RECORDS:
━━━━━━━━━━

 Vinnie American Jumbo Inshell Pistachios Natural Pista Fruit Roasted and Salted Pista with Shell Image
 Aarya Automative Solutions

━━━━━━━━━━

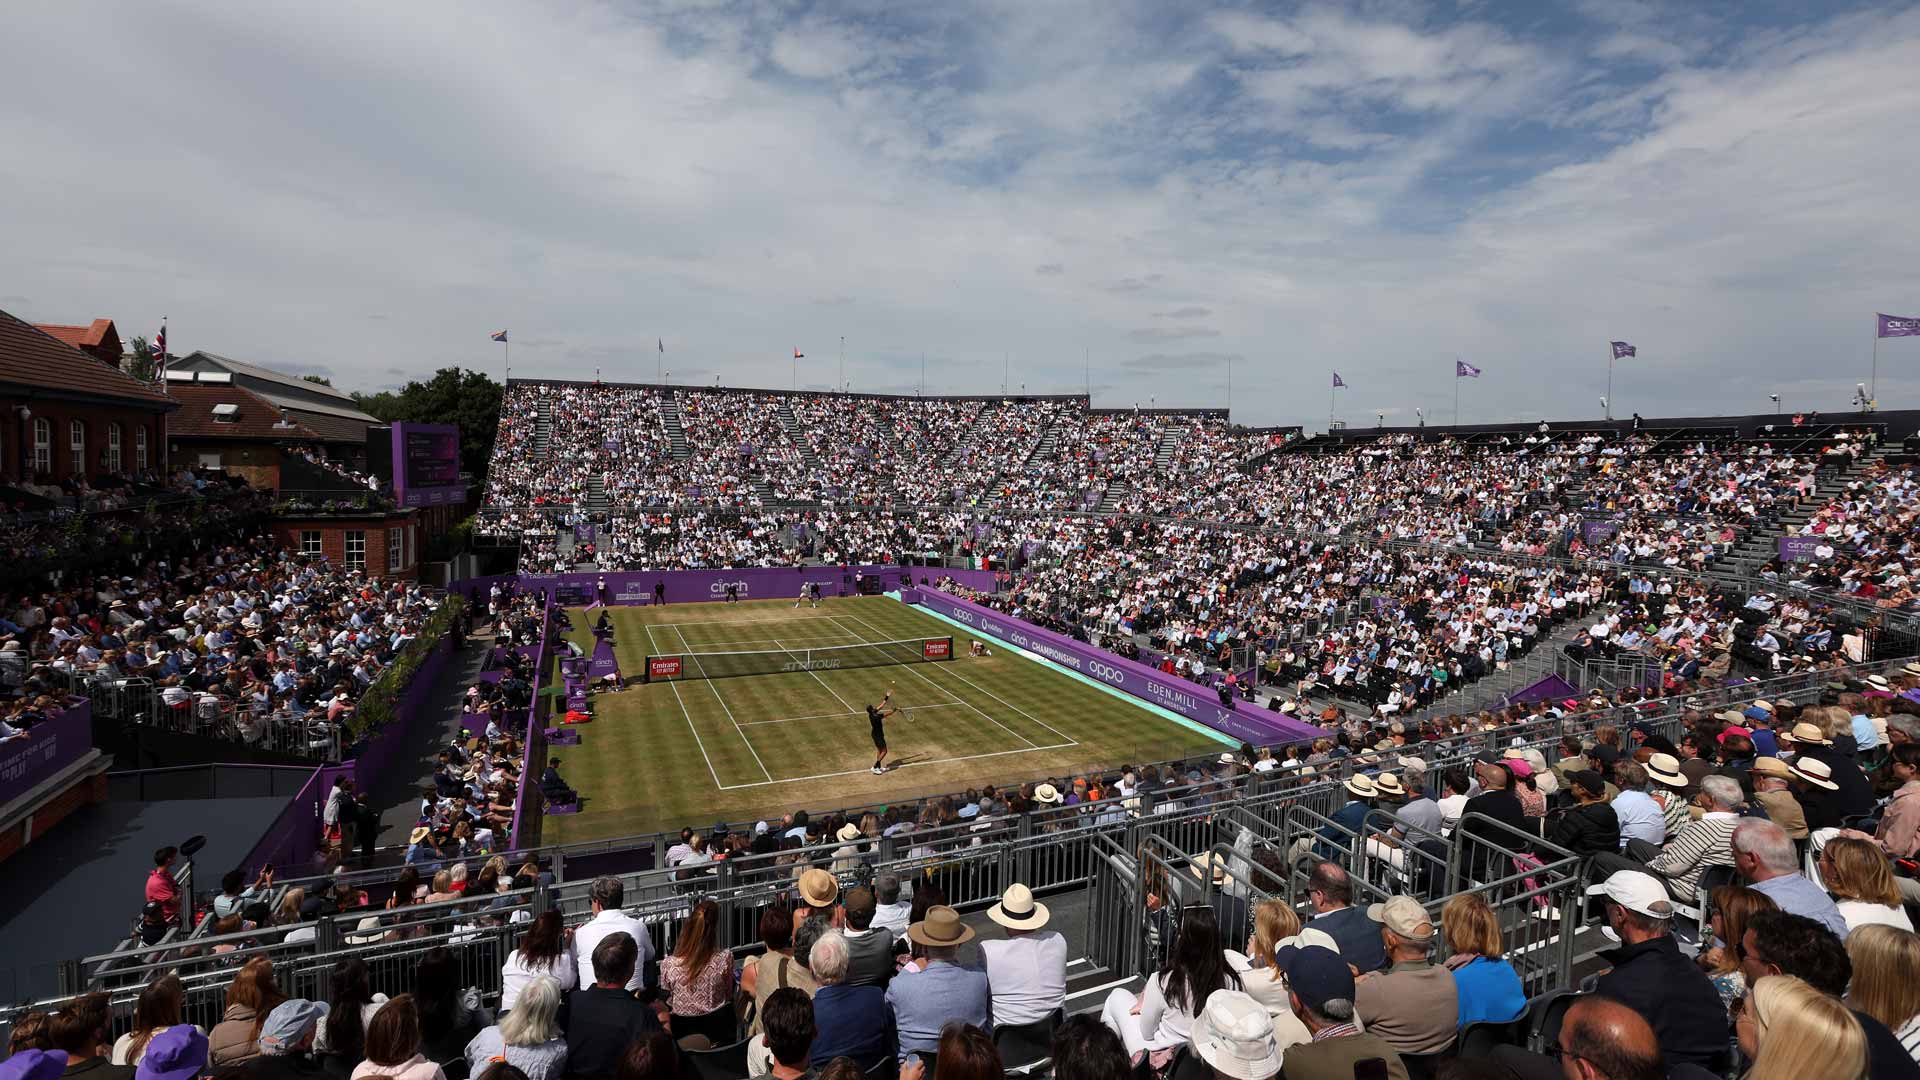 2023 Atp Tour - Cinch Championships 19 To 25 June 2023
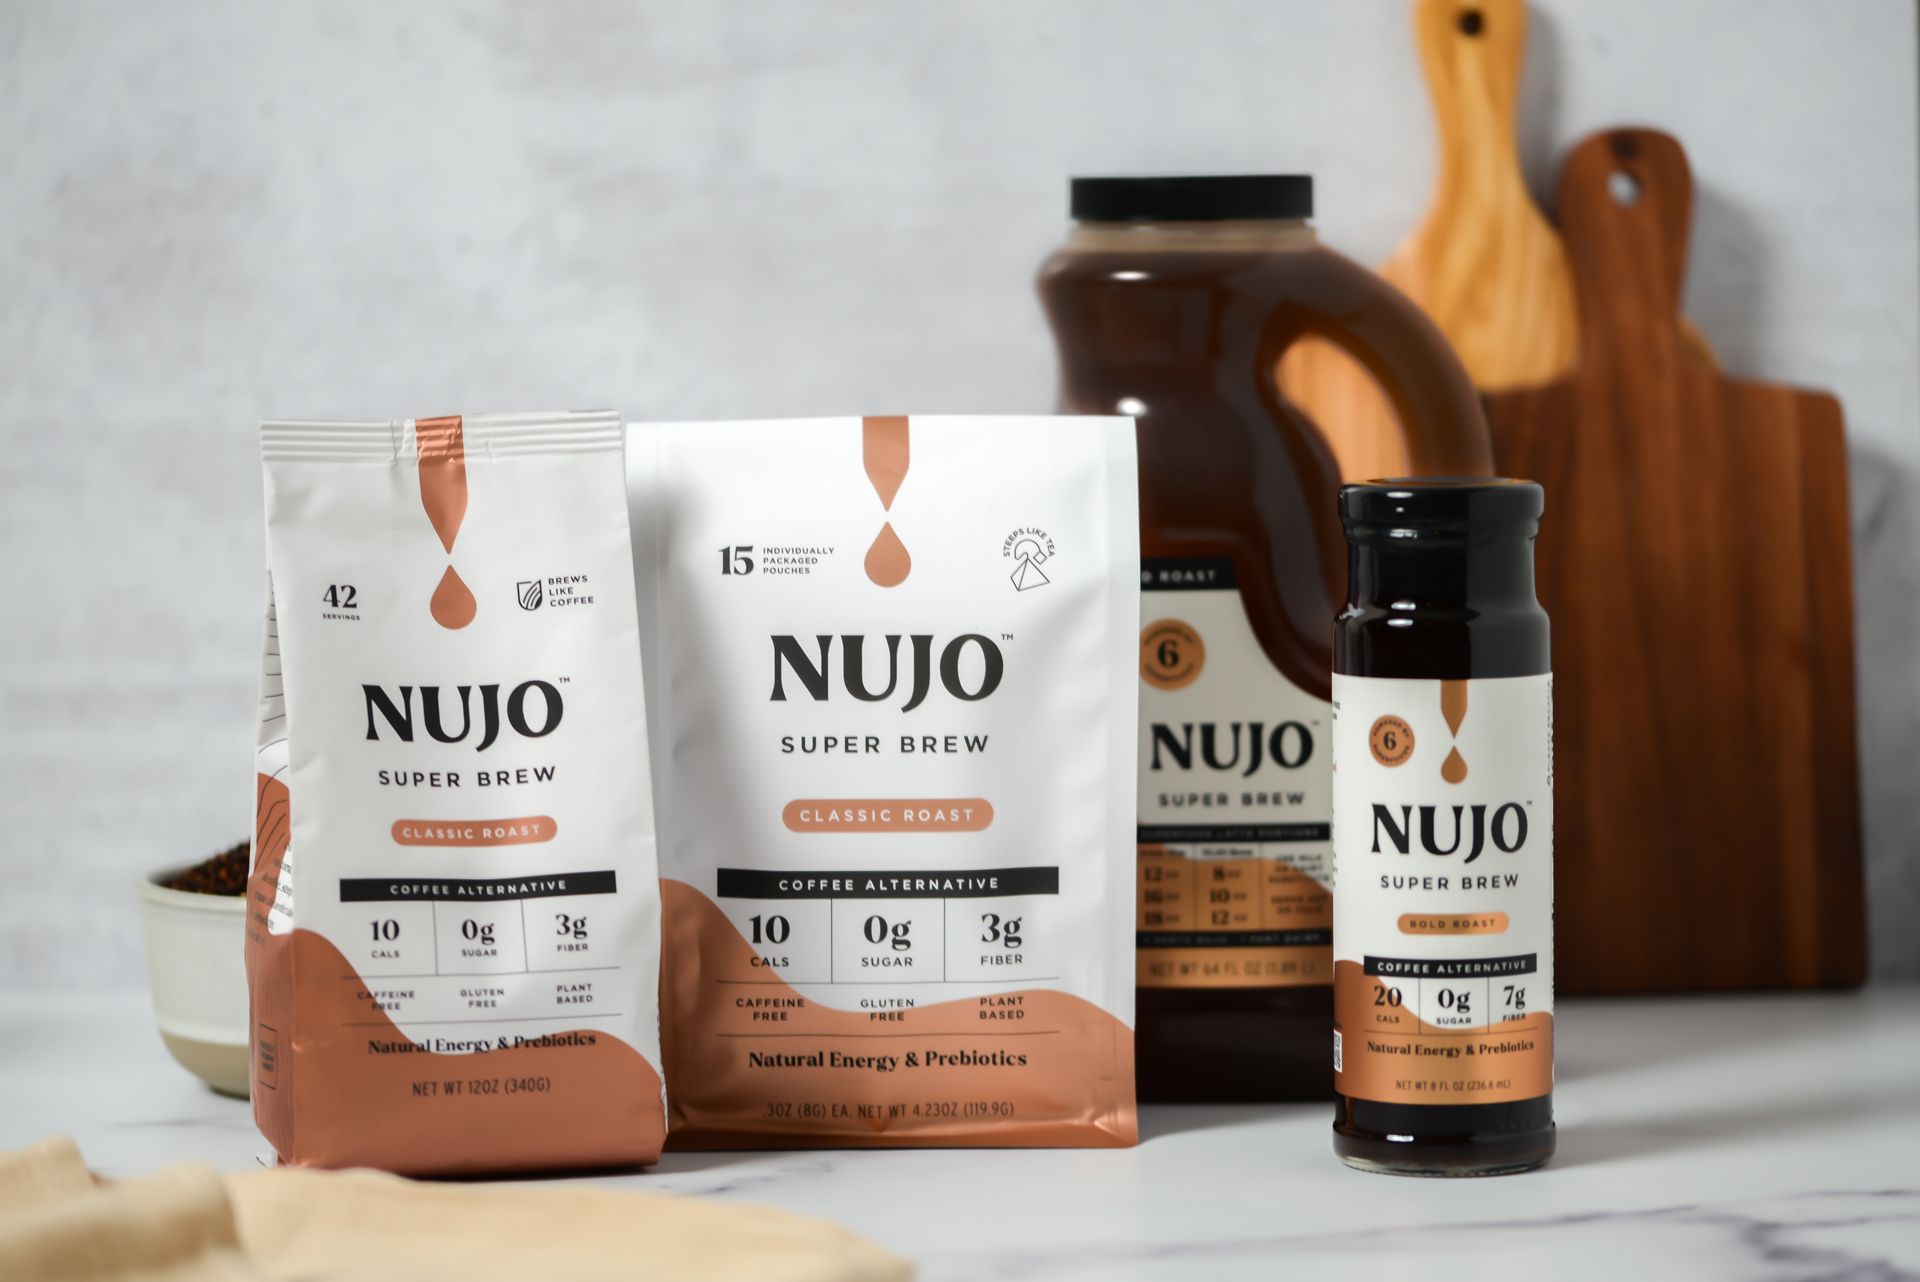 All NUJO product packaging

━━━━━━━━━━

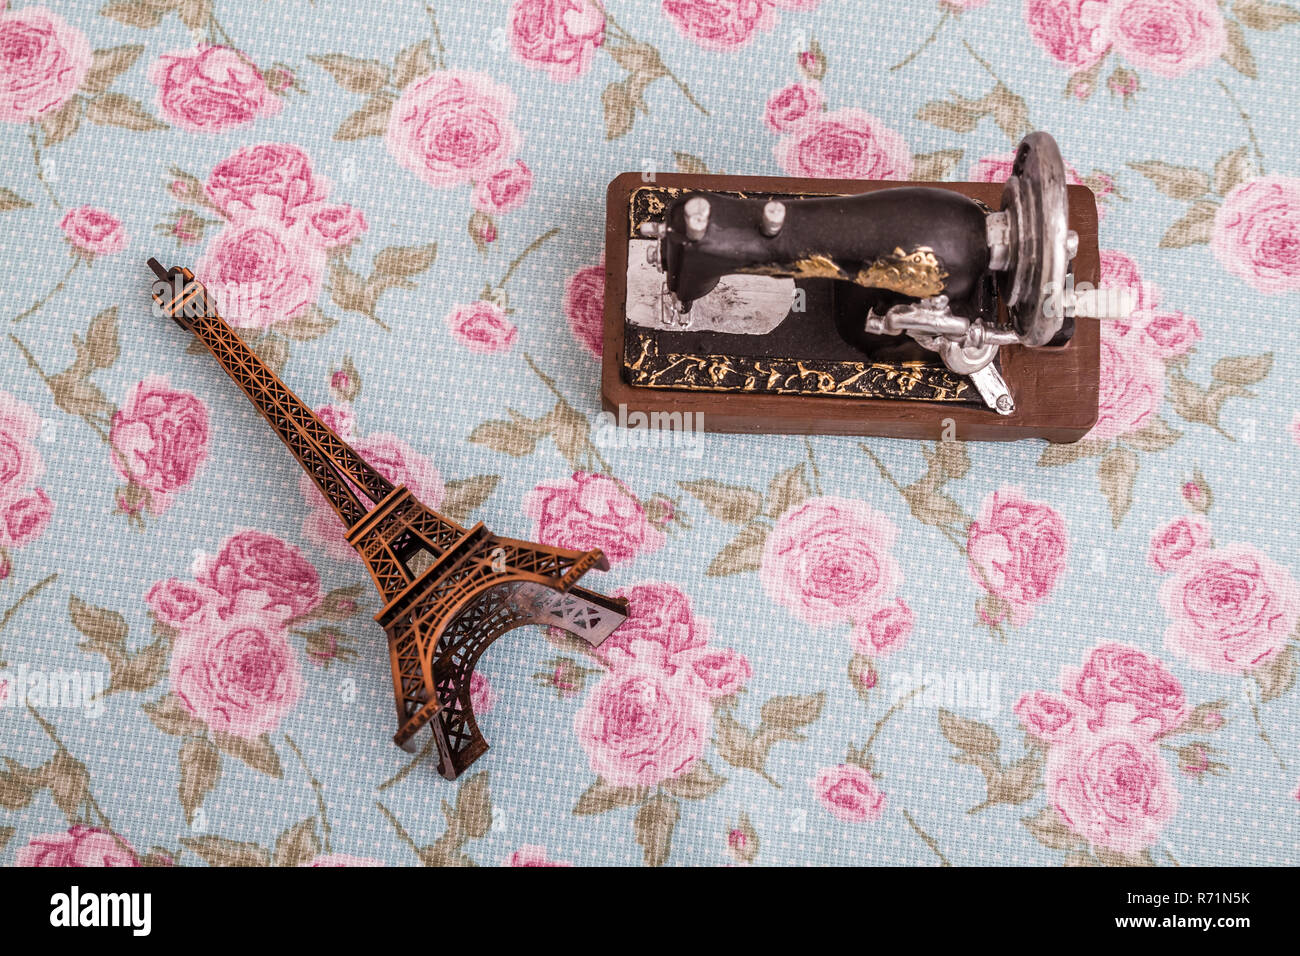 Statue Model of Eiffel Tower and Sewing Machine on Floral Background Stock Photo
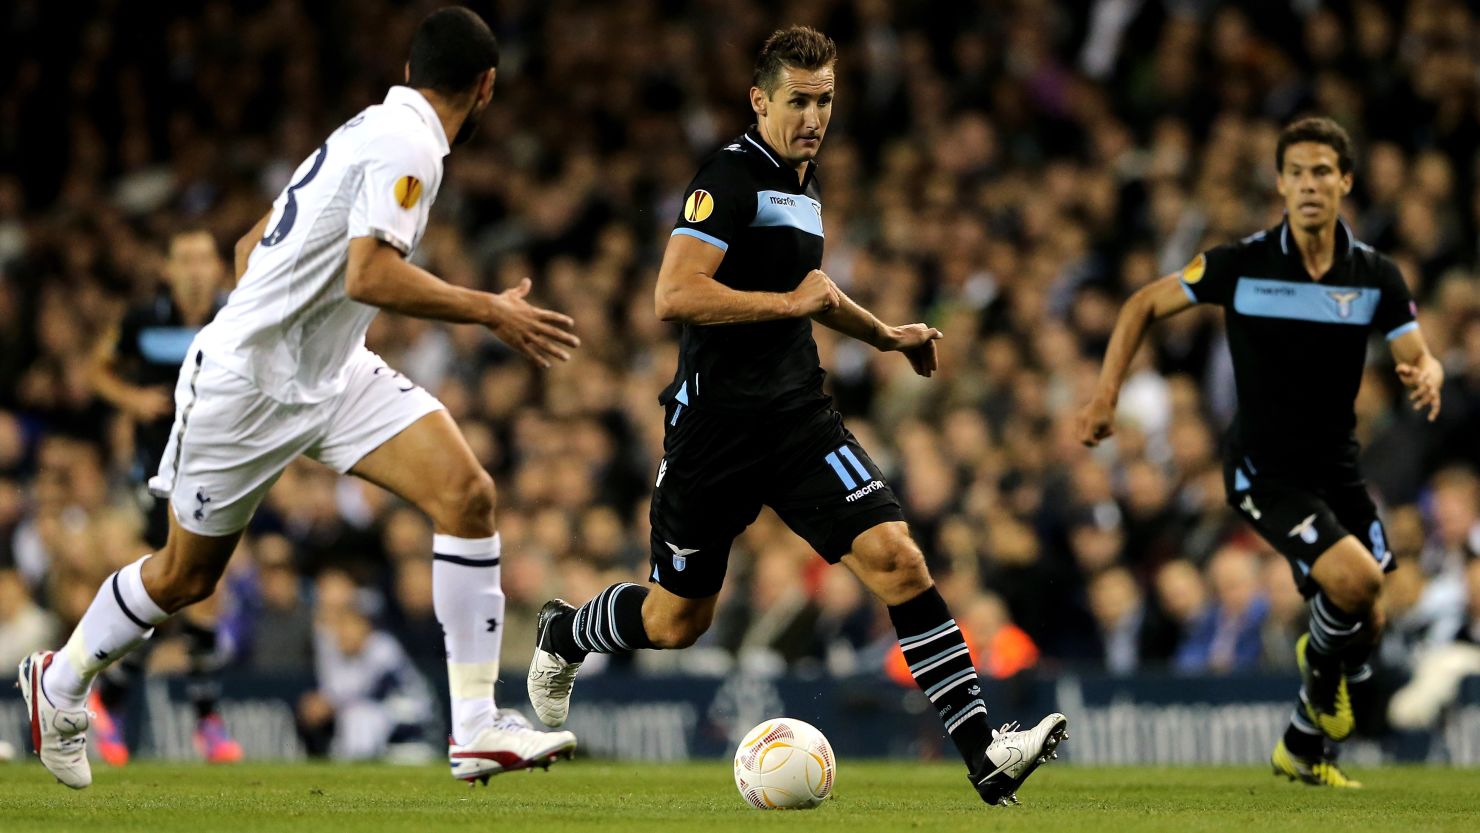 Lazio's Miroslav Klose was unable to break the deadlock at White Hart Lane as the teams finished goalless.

━━━━━━━━━━

EXERCISE:
The required output is every line above from the one with "Vinnie American Jumbo" down to the one with "Aarya Automative Solutions", restated word for word, ends included.

ANSWER FOR THE TASK:
 Vinnie American Jumbo Inshell Pistachios Natural Pista Fruit Roasted and Salted Pista with Shell Image
 Aarya Automative Solutions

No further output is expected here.